_What you have to do_. Once you find the line with "bright-painting-of sky-and-clouds-living-room-decor.JPG" in the listing below, please repeat it and every later line exactly, through the last one, without pictures.

_Available data_.

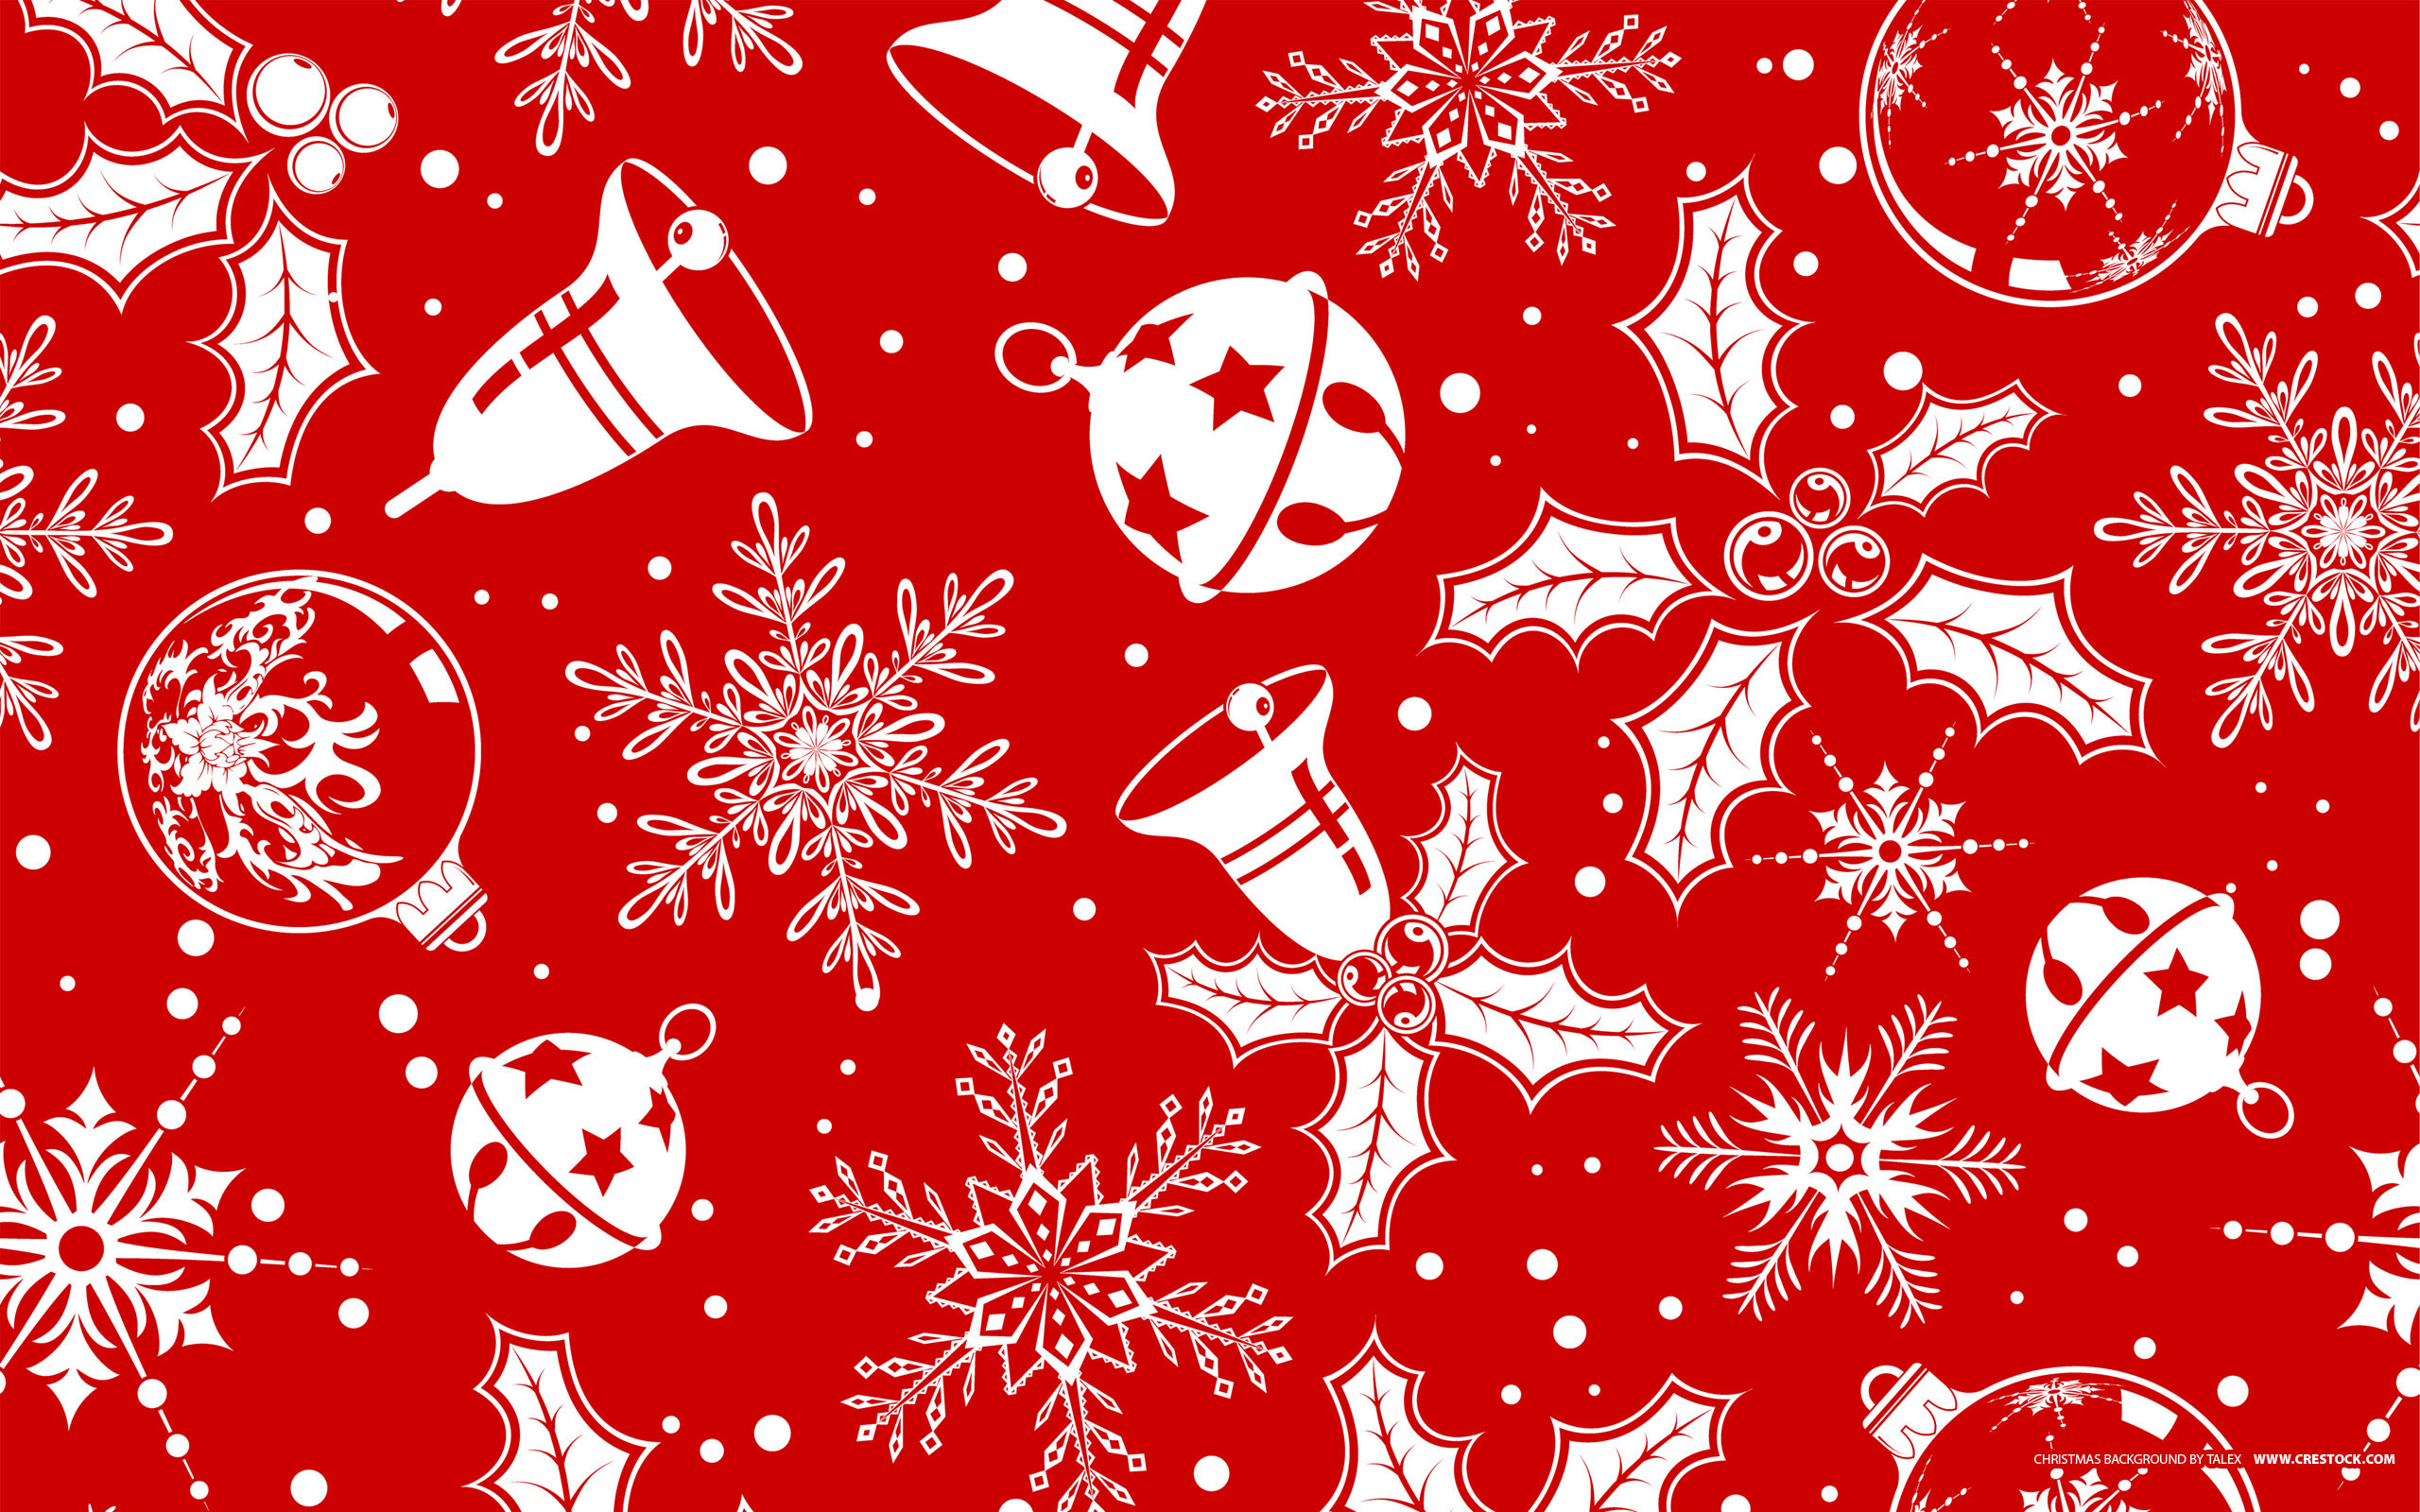 2560x1600 Buy this image or view all images by TAlex. Christmas background
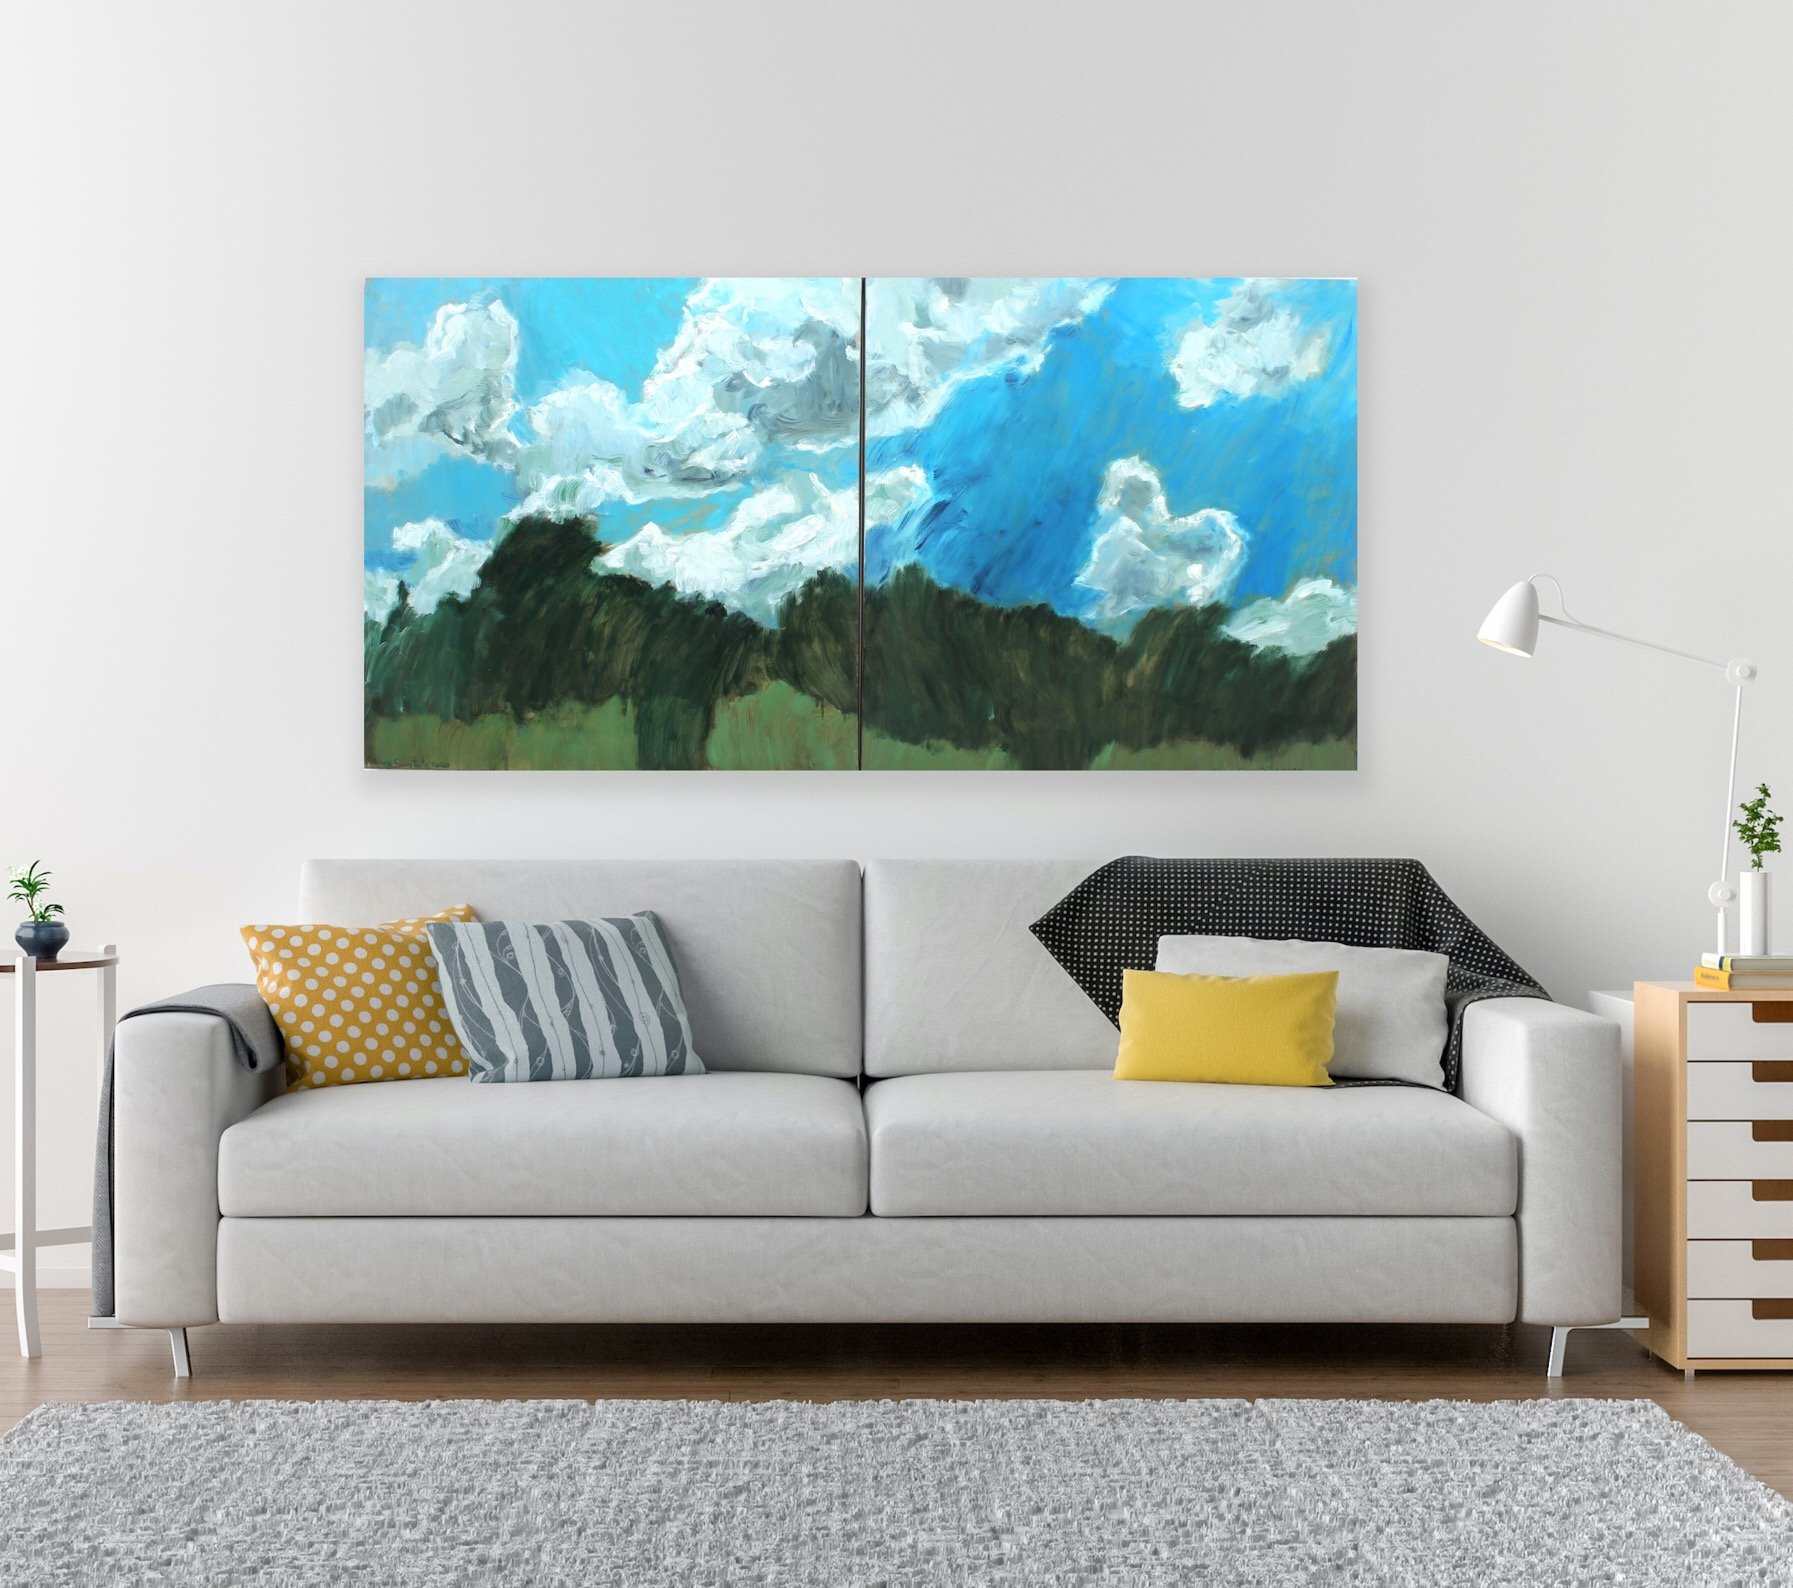 bright-painting-of sky-and-clouds-living-room-decor.JPG
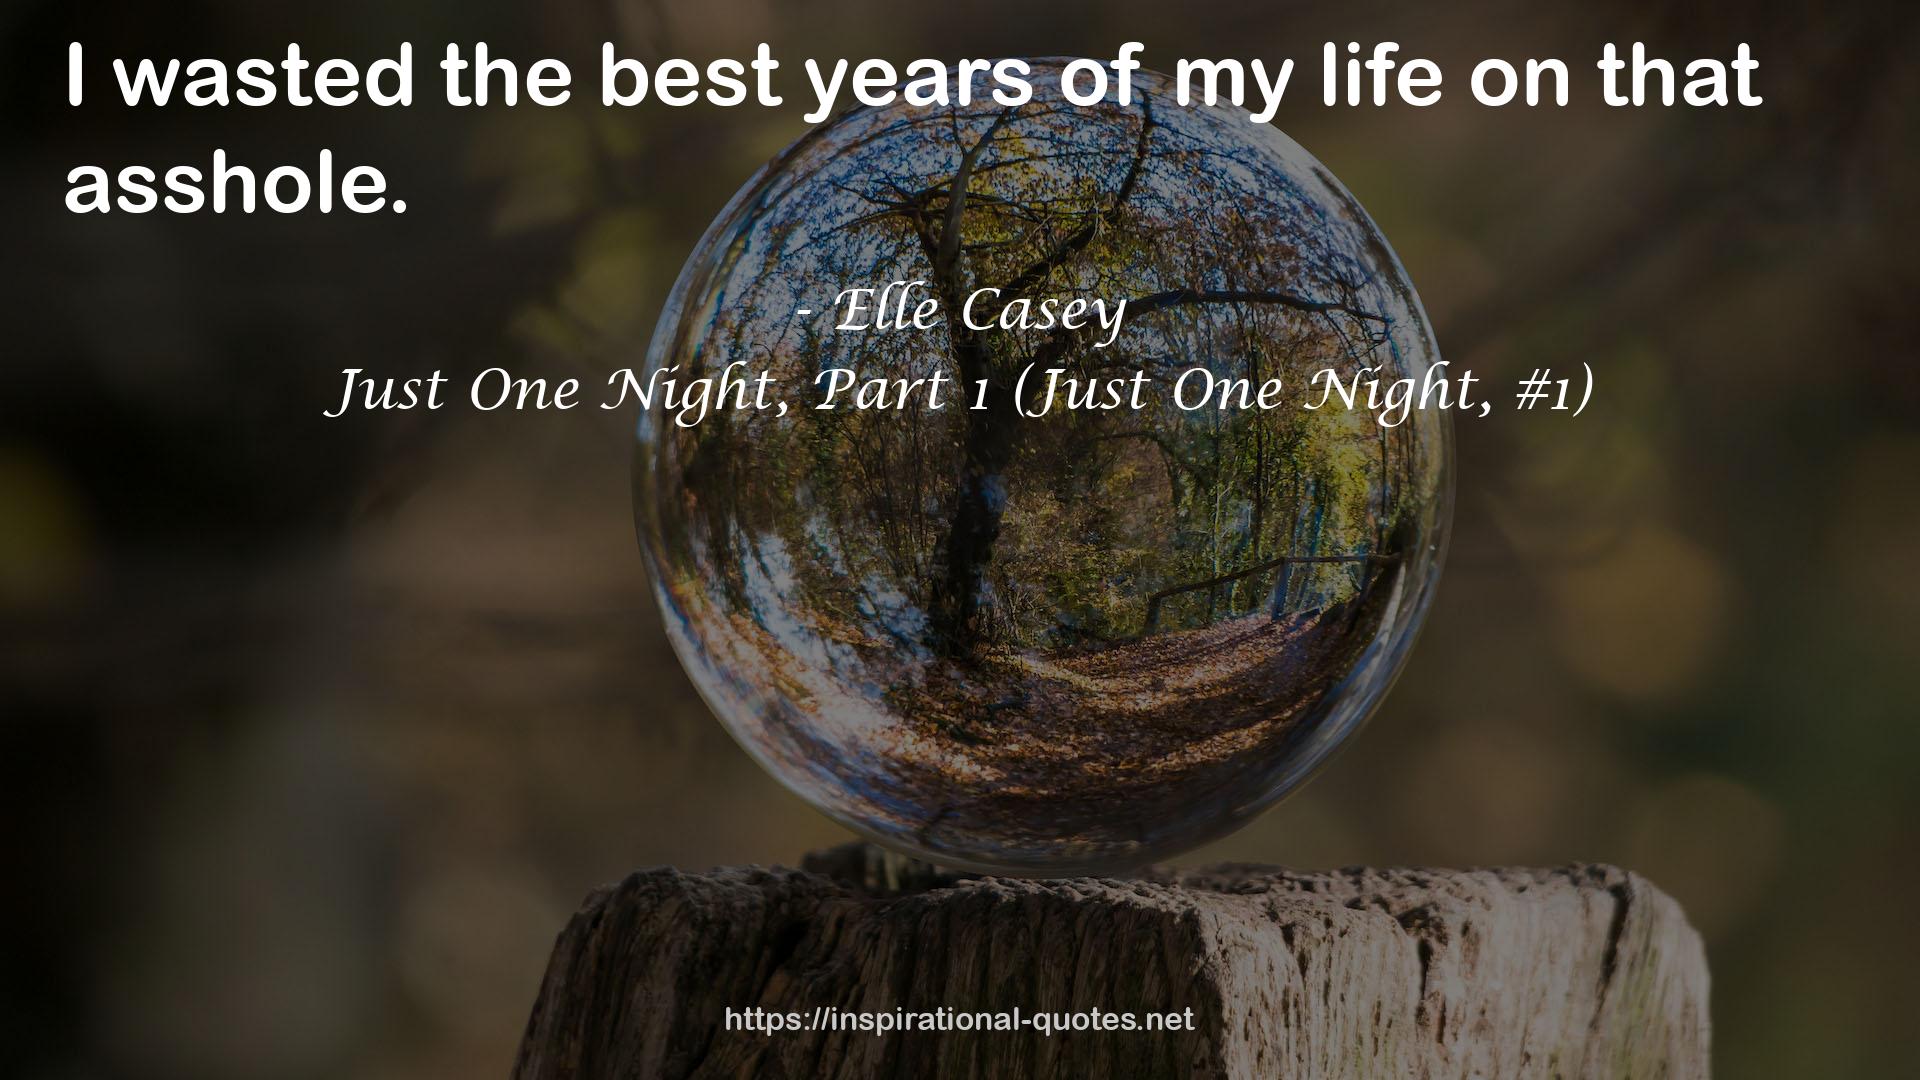 Just One Night, Part 1 (Just One Night, #1) QUOTES

_Exercise result_.
 bright-painting-of sky-and-clouds-living-room-decor.JPG
 Just One Night, Part 1 (Just One Night, #1) QUOTES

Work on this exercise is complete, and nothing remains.